Boeing CEO, Other Executives Stepping Down Amid Safety Crisis

Boeing CEO Dave Calhoun has announced his decision to step down at the end of 2024 as part of a broader management restructuring at the aerospace giant.

Larry Kellner, chairman of the board, is also resigning and will not seek reelection at Boeing’s annual meeting in May. He will be succeeded as chair by Steve Mollenkopf, a Boeing director since 2020 and former CEO of Qualcomm. Mollenkopf will lead the board in selecting a new CEO, Boeing stated.

Additionally, Stan Deal, president and CEO of Boeing Commercial Airplanes, is leaving the company effective immediately. Stephanie Pope, who recently assumed the role of Boeing’s chief operating officer and previously led Boeing Global Services, will take over Deal's responsibilities.

These changes come amidst increasing pressure from airlines and regulators for significant reforms at Boeing following a series of quality and manufacturing issues with Boeing planes. Scrutiny intensified after a January 5th incident involving a Boeing 737 Max on an Alaska Airlines flight.

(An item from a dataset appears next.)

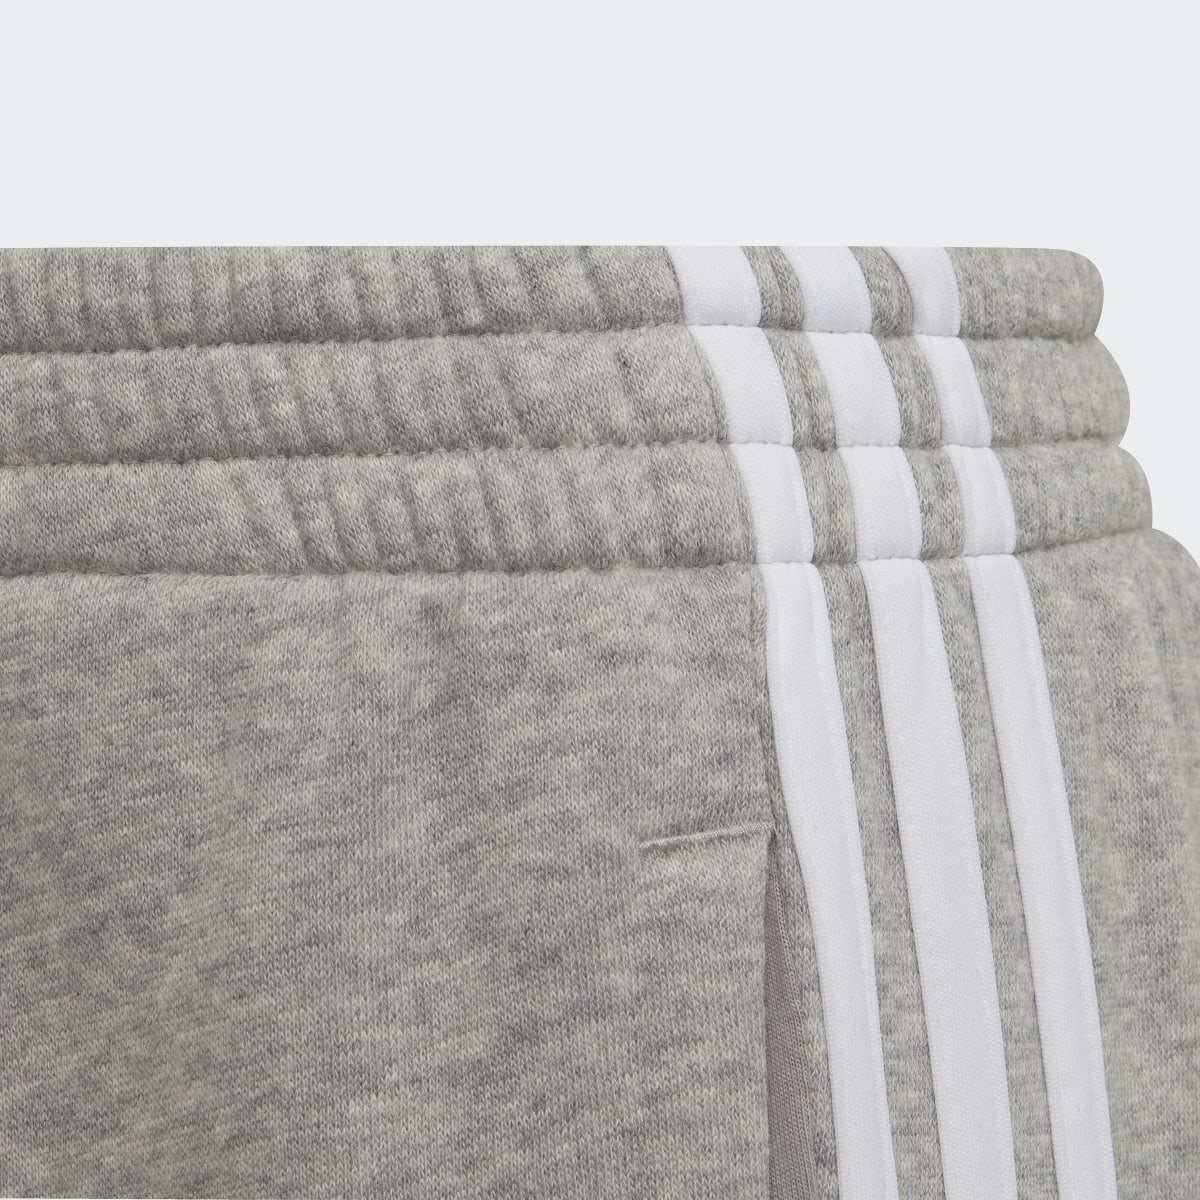 Adidas Essentials 3-Stripes Pants. 4

Calhoun addressed employees, stating, “The eyes of the world are on us, and I know we will come through this moment a better company, building on all the learnings we accumulated as we worked together to rebuild Boeing over the last number of years.”

In an interview with CNBC, Calhoun emphasized that his decision to resign was entirely his own, acknowledging the challenges ahead and the need for action and changes within the company.

Calhoun took over as CEO in early 2020 after the departure of former chief executive Dennis Muilenburg due to his handling of the aftermath of two deadly 737 Max crashes.

Boeing has faced delays in deliveries of new planes and growth setbacks due to production issues, prompting concerns from major airline customers. United Airlines CEO Scott Kirby recently urged Boeing to halt production of yet-to-be-certified Max 10 planes until FAA clearance is obtained.

Boeing’s stock saw a modest increase following Calhoun’s announcement, although it remains down 26% for the year.